Waveguide circulator with improved transition to other transmission line media
Abstract
A waveguide circulator for an electro-magnetic field having a wavelength is provided. The waveguide circulator includes: N waveguide arms, where N is a positive integer; a ferrite element having N segments protruding into the N respective waveguide arms; at most (N−1) quarter-wave dielectric transformers attached to respective ends of at most (N−1) other segments; a first quarter-wave dielectric transformer attached to an end of the first segment; and a coaxial-coupling component. The N waveguide arms include a first-waveguide arm and (N−1) other-waveguide arms. The N segments include a first segment protruding into the first-waveguide arm and (N−1) other segments protruding into respective (N−1) other-waveguide arms. The coaxial-coupling component is positioned within a quarter wavelength of the electro-magnetic field from the first quarter-wave dielectric transformer positioned in the first-waveguide arm.
Claims
exact text as granted — not AI-modifiedWhat is claimed is:
1. A waveguide circulator comprising:
at least N waveguide arms including a first-waveguide arm and (N−1) other-waveguide arms, where N is a positive integer, and wherein the first-waveguide has at least an end-portion having a first width and an inner-portion having a second width, the second width being larger than the first width;
a ferrite element having N segments protruding into the N respective waveguide arms, the N segments including:
a first segment protruding into the first-waveguide arm, and
(N−1) other segments protruding into the respective (N−1) other-waveguide arms;
at most (N−1) quarter-wave dielectric transformers attached to respective ends of the at most (N−1) other segments of the ferrite element;
at least one integrated-transition element attached to a respective at least one end of at least the first segment and extending into the respective at least one first-waveguide arm, the at least one integrated-transition element including:
a microstrip-dielectric board attached to an end of the first segment of the ferrite element;
a microstrip trace on a first surface of the microstrip-dielectric board; and
a microstrip-ground layer on a second surface of the microstrip-dielectric board, the first surface opposing the second surface,
wherein the integrated-transition element simultaneously functions as a transformer and a microstrip probe to optimize impedance matching in the first-waveguide arm.
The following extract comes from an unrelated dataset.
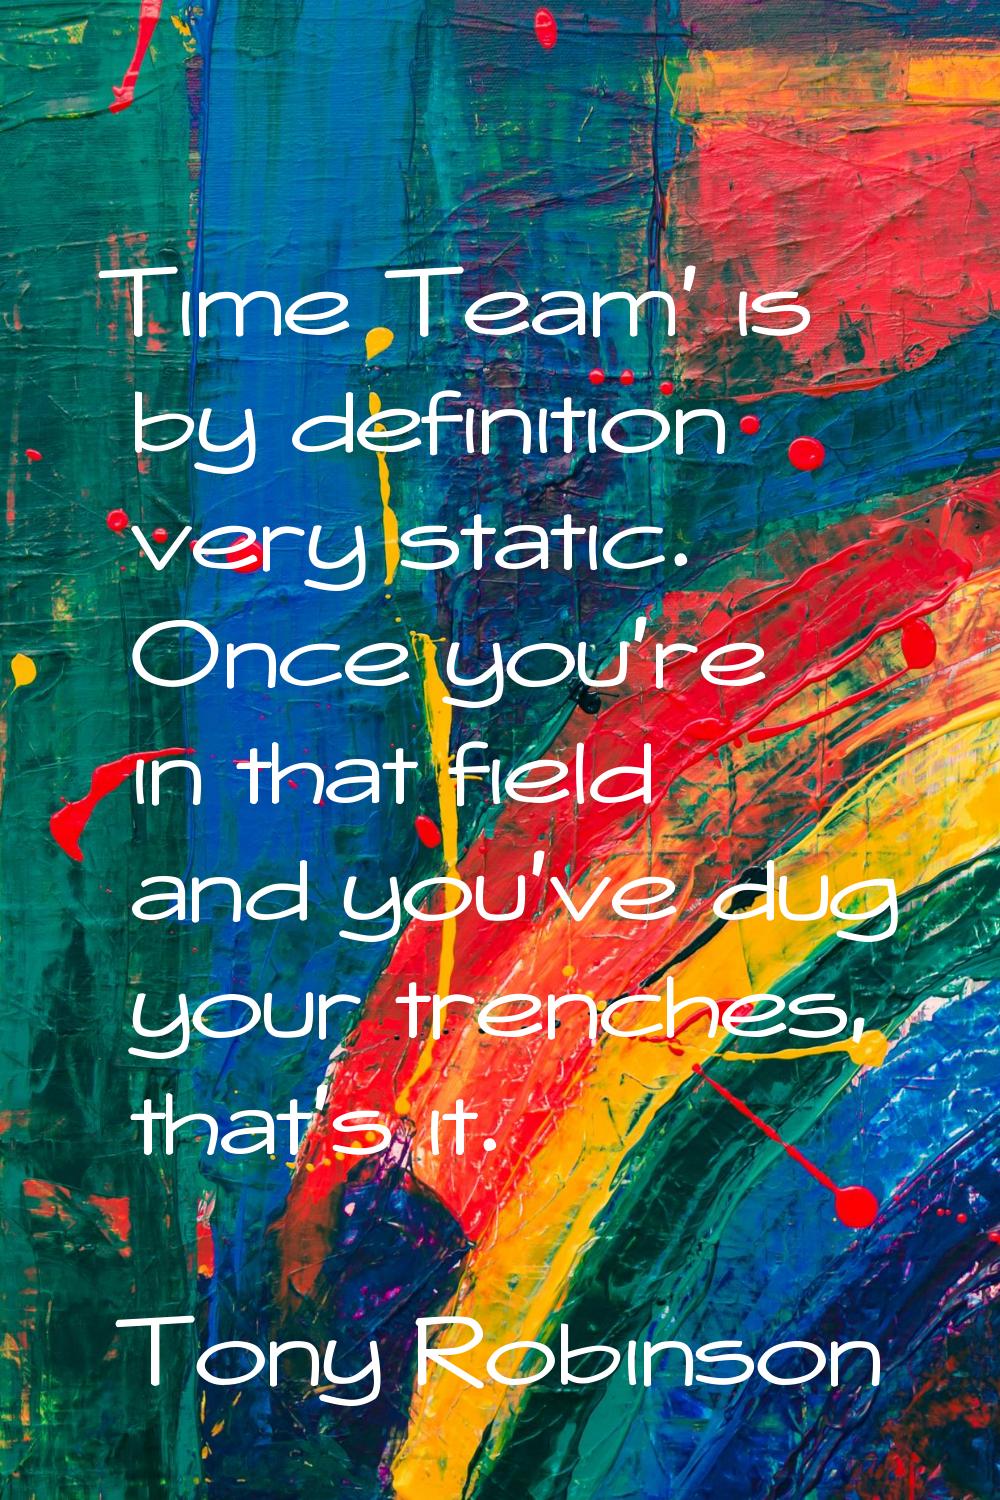 Time Team' is by definition very static. Once you're in that field and you've dug your trenches, th
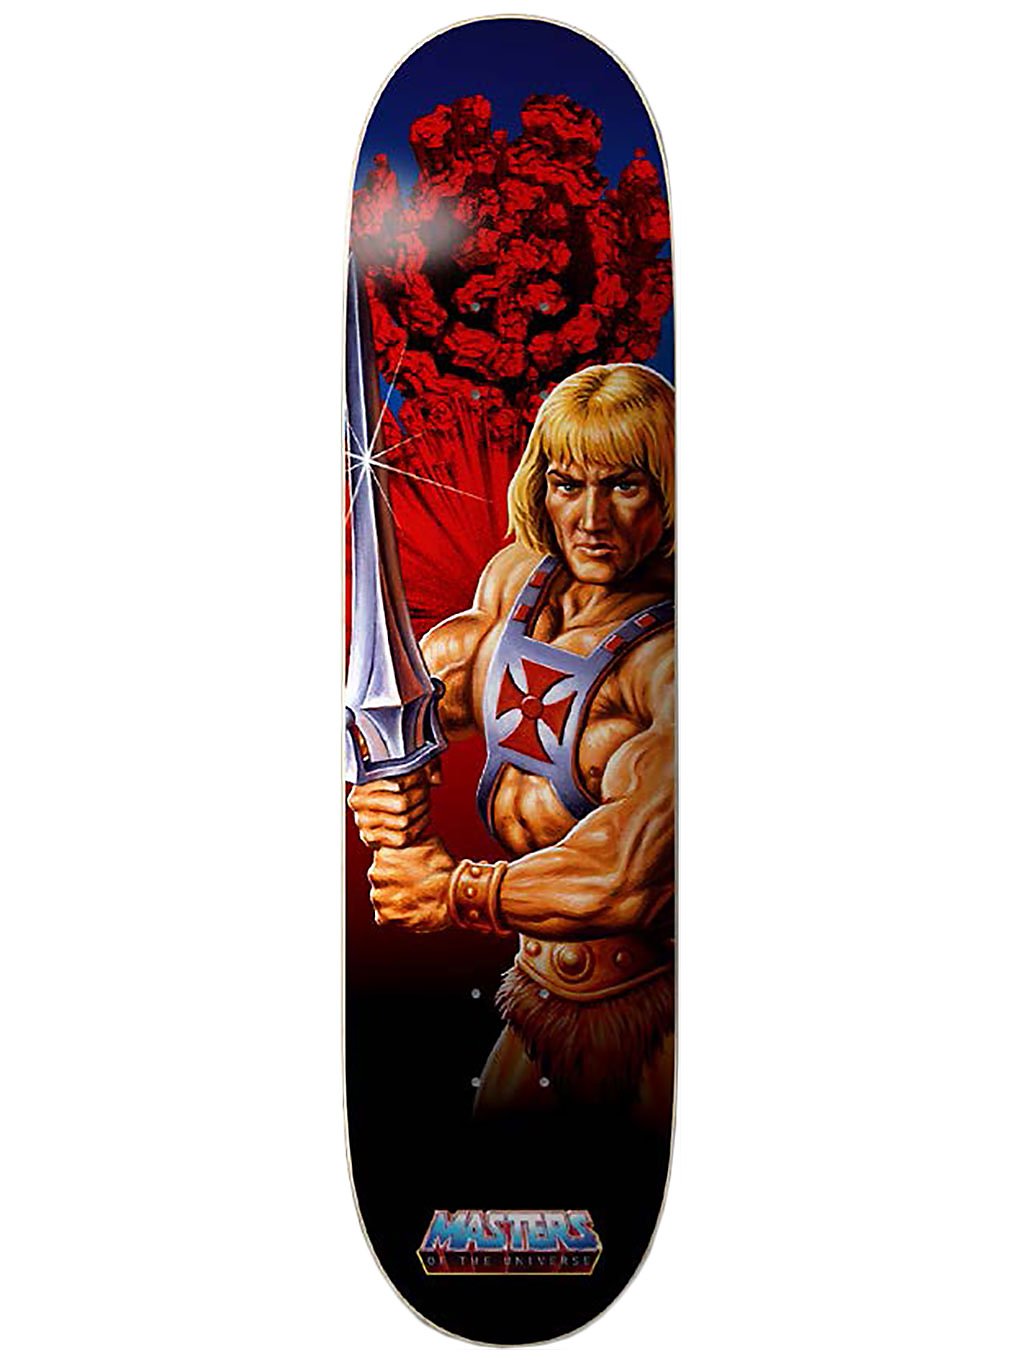 Element masters of the universe he-man 8.25 skateboard deck kuviotu, element

2. The waveguide circulator of claim 1 , wherein the impedance matching is optimized based on: a position of the microstrip trace on the microstrip-dielectric board; a thickness of the microstrip-dielectric board; a position of the microstrip-ground layer on the microstrip-dielectric board; a width of the microstrip trace on a conductor side of the microstrip-dielectric board; a width of the microstrip-ground layer on a ground side of the microstrip-dielectric board; a thickness of the microstrip-dielectric board; and a position of the microstrip-dielectric board in the first-waveguide arm.
3. The waveguide circulator of claim 1 , wherein the microstrip-ground layer contacts a sidewall of the end-portion of the first-waveguide arm.
4. The waveguide circulator of claim 1 , wherein the integrated-transition element has a height that is less than a height of the first-waveguide arm.
5. The waveguide circulator of claim 1 , wherein the first-waveguide has a middle-portion having a third width, the third width being greater than the first width and less than the second width.
6. The waveguide circulator of claim 1 , wherein the microstrip trace is electrically connected to a waveguide floor of the first-waveguide arm.
7. The waveguide circulator of claim 1 , wherein the at most (N−1) quarter-wave dielectric transformers attached to the respective ends of the at most (N−1) other segments of the ferrite element comprises:
(N−2) quarter-wave dielectric transformers attached to respective ends of (N−2) of the other segments of the ferrite element,
wherein the at least one integrated-transition element is a first integrated-transition element, and wherein the at least one integrated-transition element attached to the respective at least one end of at least the first segment and extending into the first-waveguide arm further comprises:
a second integrated-transition element attached to a respective second end of a second segment and extending into a second-waveguide arm.
8. The waveguide circulator of claim 1 , wherein the N waveguide arms are a first set of three waveguide arms including a first-waveguide arm, a second-waveguide arm, and a third-waveguide arm, wherein the ferrite element is a first ferrite element, wherein the (N−1) other segments protruding into the respective (N−1) other-waveguide arms are a second segment protruding into a second-waveguide arm and a third segment protruding into a third-waveguide arm, and wherein the at least one integrated-transition element is a first integrated-transition element, the waveguide circulator further comprising:
a second set of three waveguide arms including a fourth-waveguide arm, a fifth-waveguide arm, and a sixth-waveguide arm;
a second ferrite element having a fourth segment protruding into the fourth-waveguide arm, a fifth segment protruding into the fifth-waveguide arm, and a sixth segment protruding into the sixth-waveguide arm;
a second integrated-transition element attached to an end of the fourth segment, wherein the second integrated-transition element simultaneously functions as a transformer and a microstrip probe to optimize impedance matching in the fourth-waveguide arm; and
a third ferrite element having a seventh segment protruding into a seventh-waveguide arm, an eighth segment protruding into the third-waveguide arm, and a ninth segment protruding into the sixth-waveguide arm.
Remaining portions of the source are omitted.